### Exercise inputs
========================================================================
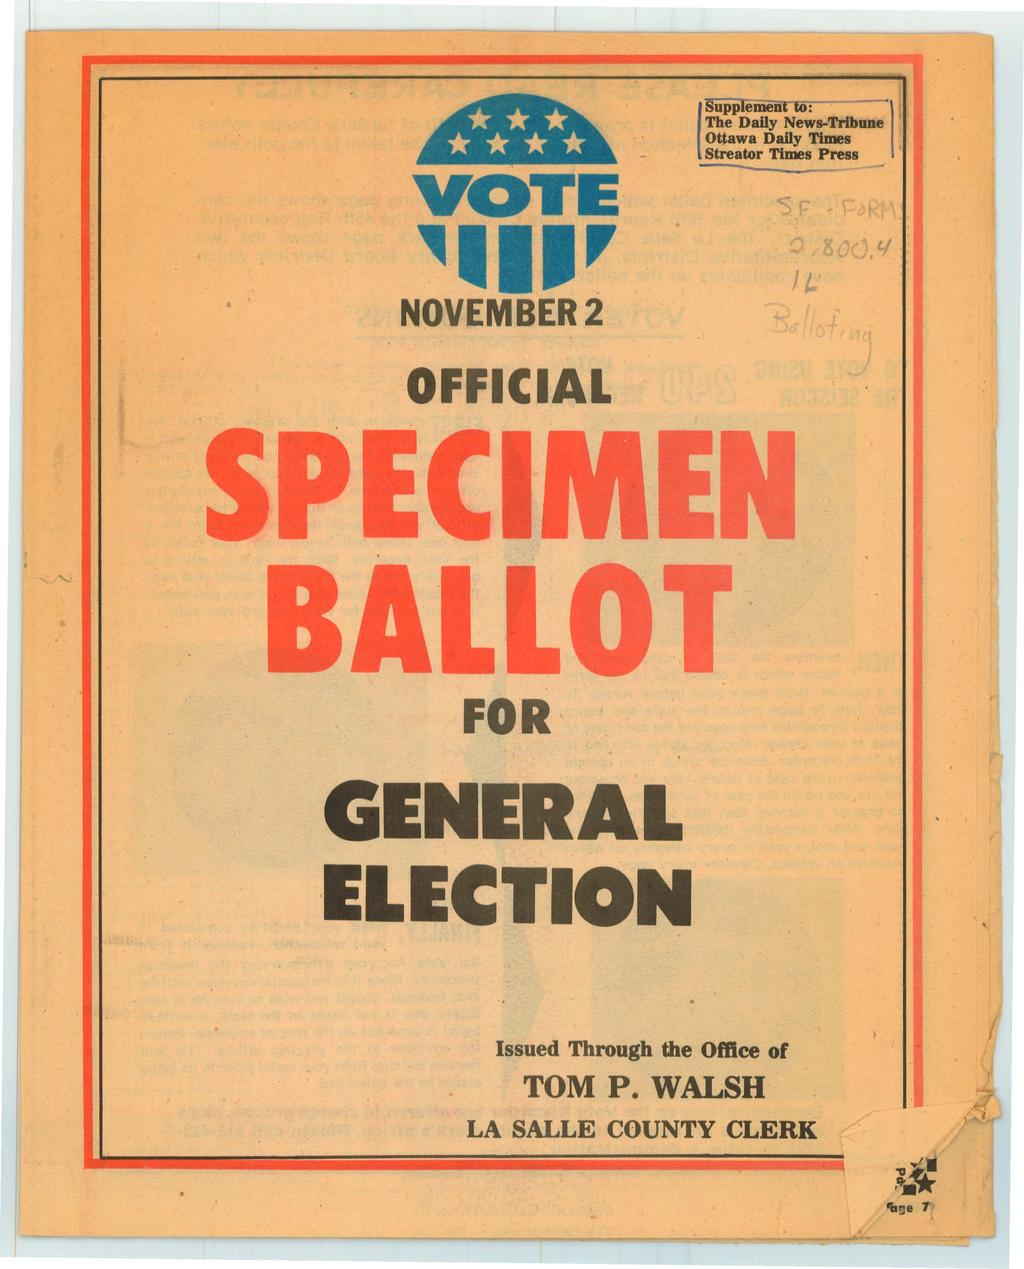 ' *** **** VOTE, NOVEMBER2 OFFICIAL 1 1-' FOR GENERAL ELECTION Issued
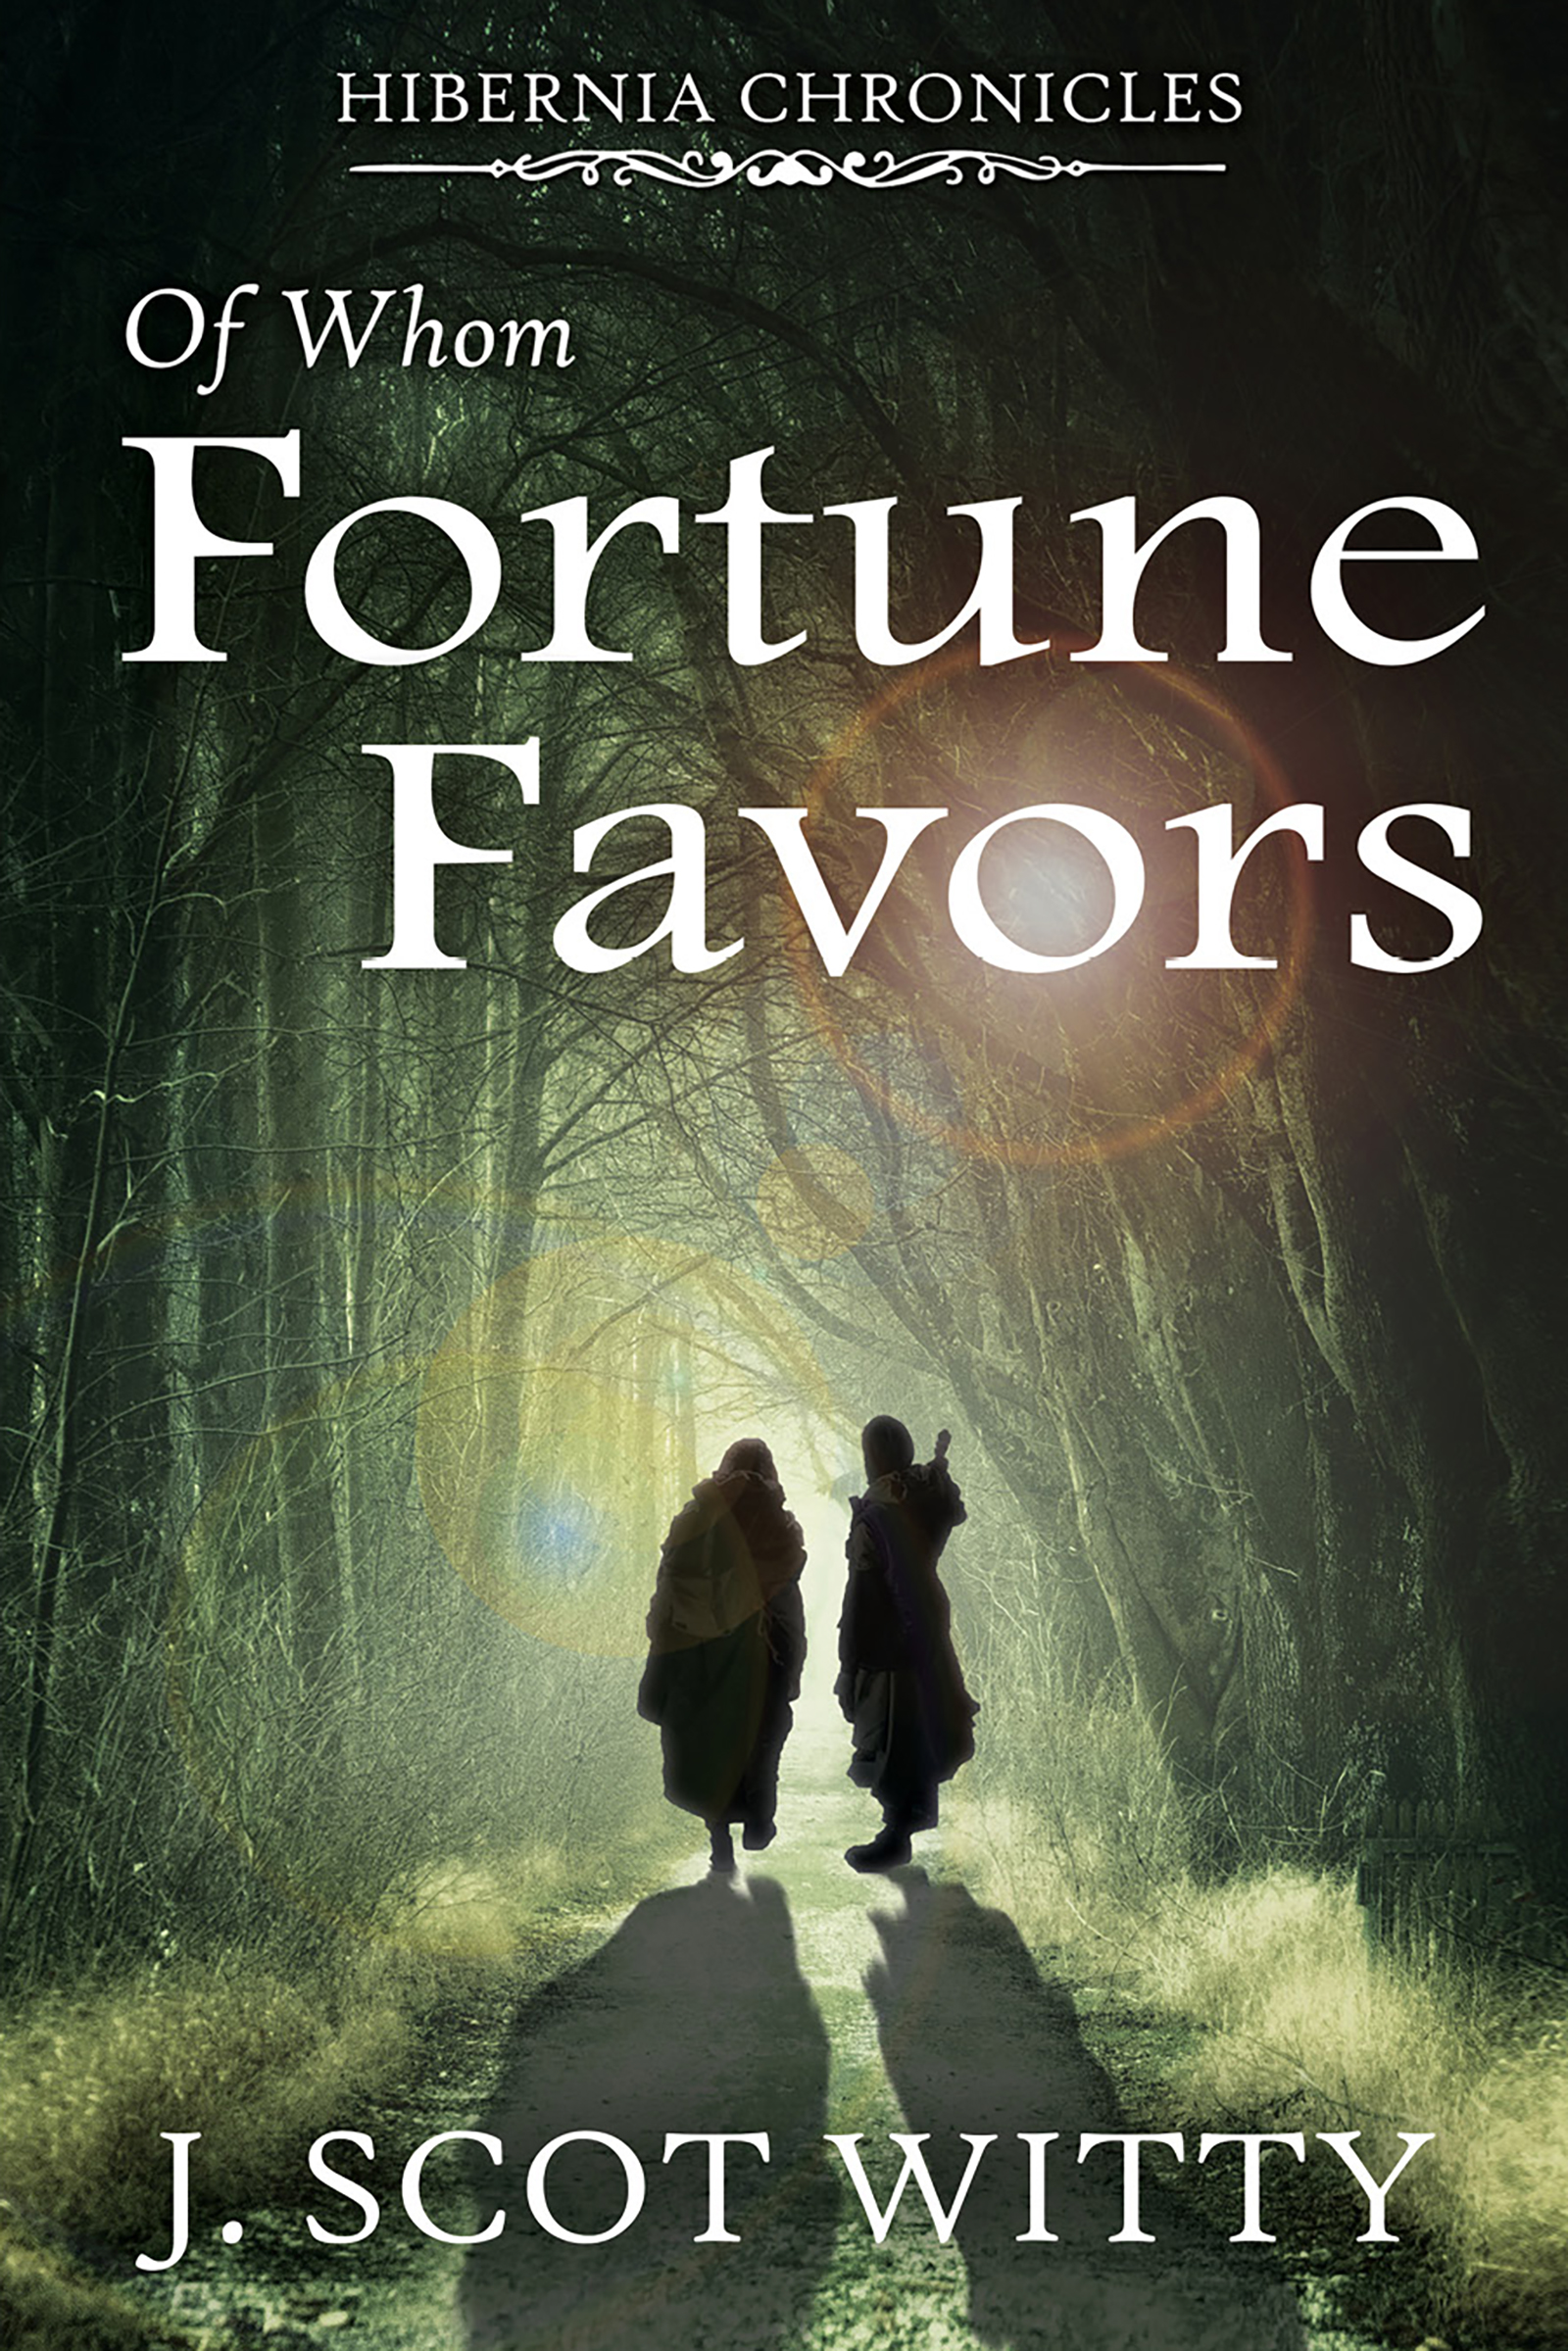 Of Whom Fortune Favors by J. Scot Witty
========================================================================
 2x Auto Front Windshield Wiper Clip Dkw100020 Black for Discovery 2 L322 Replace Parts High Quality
========================================================================
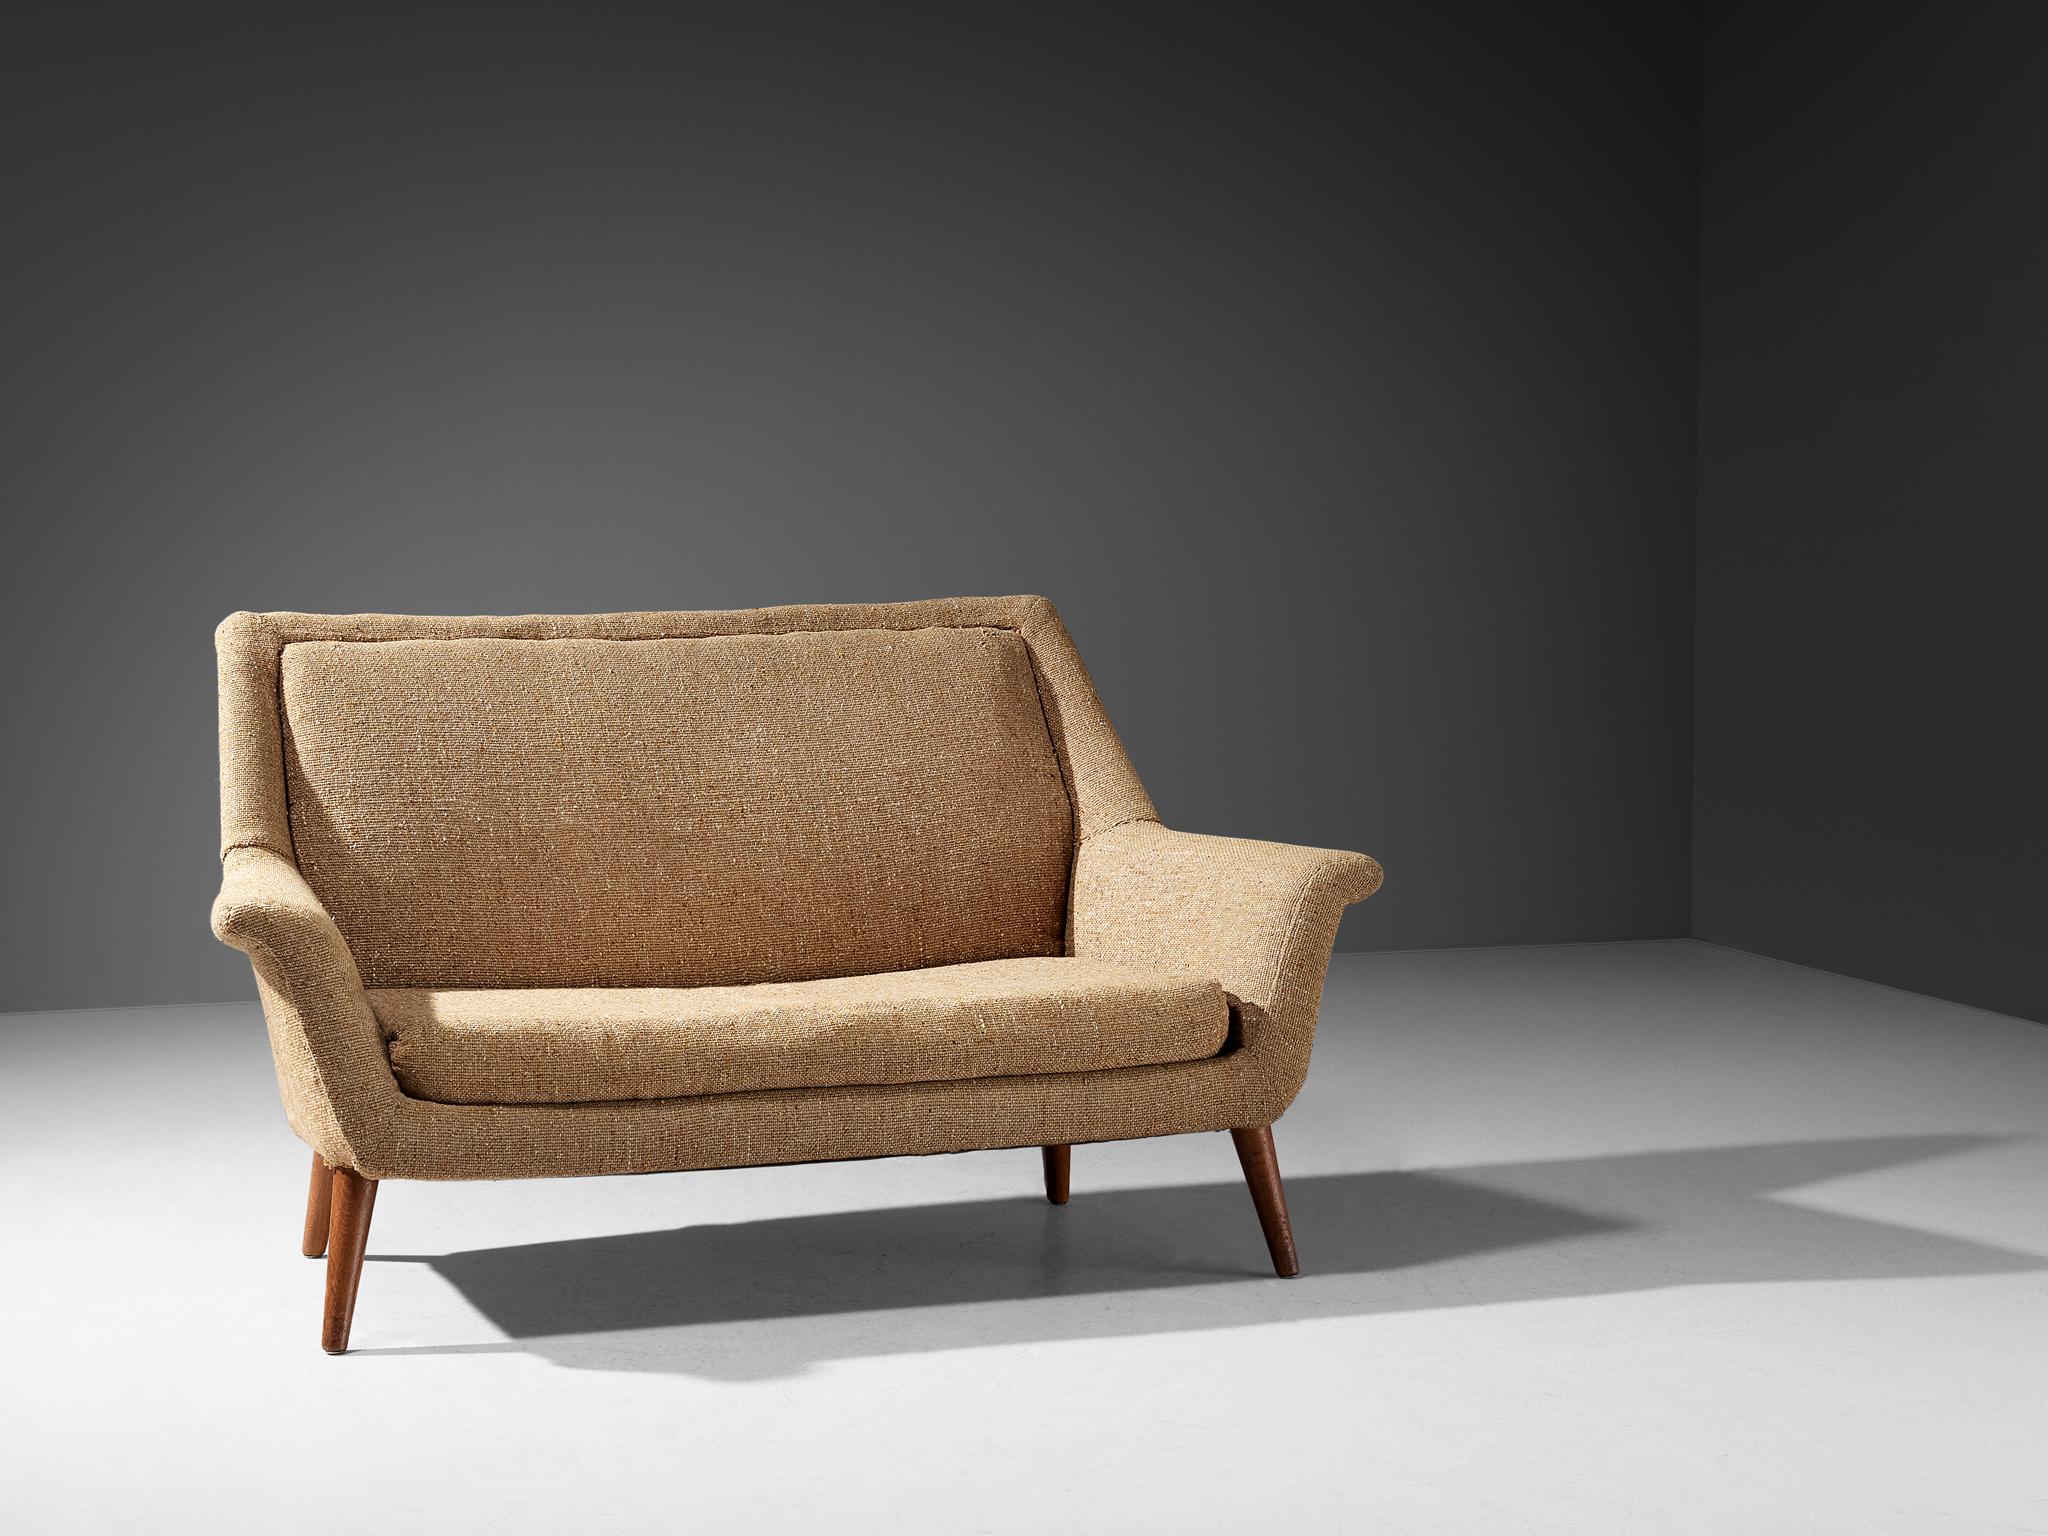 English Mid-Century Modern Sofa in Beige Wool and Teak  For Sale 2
========================================================================
### Problem description
Using the entries above, extract exactly the lines from the one that contains "GENERAL ELECTION Issued" through the one that contains "Of Whom Fortune Favors by J. Scot Witty". Do not carry over any pictures.

### Written answer
 ' *** **** VOTE, NOVEMBER2 OFFICIAL 1 1-' FOR GENERAL ELECTION Issued
 Of Whom Fortune Favors by J. Scot Witty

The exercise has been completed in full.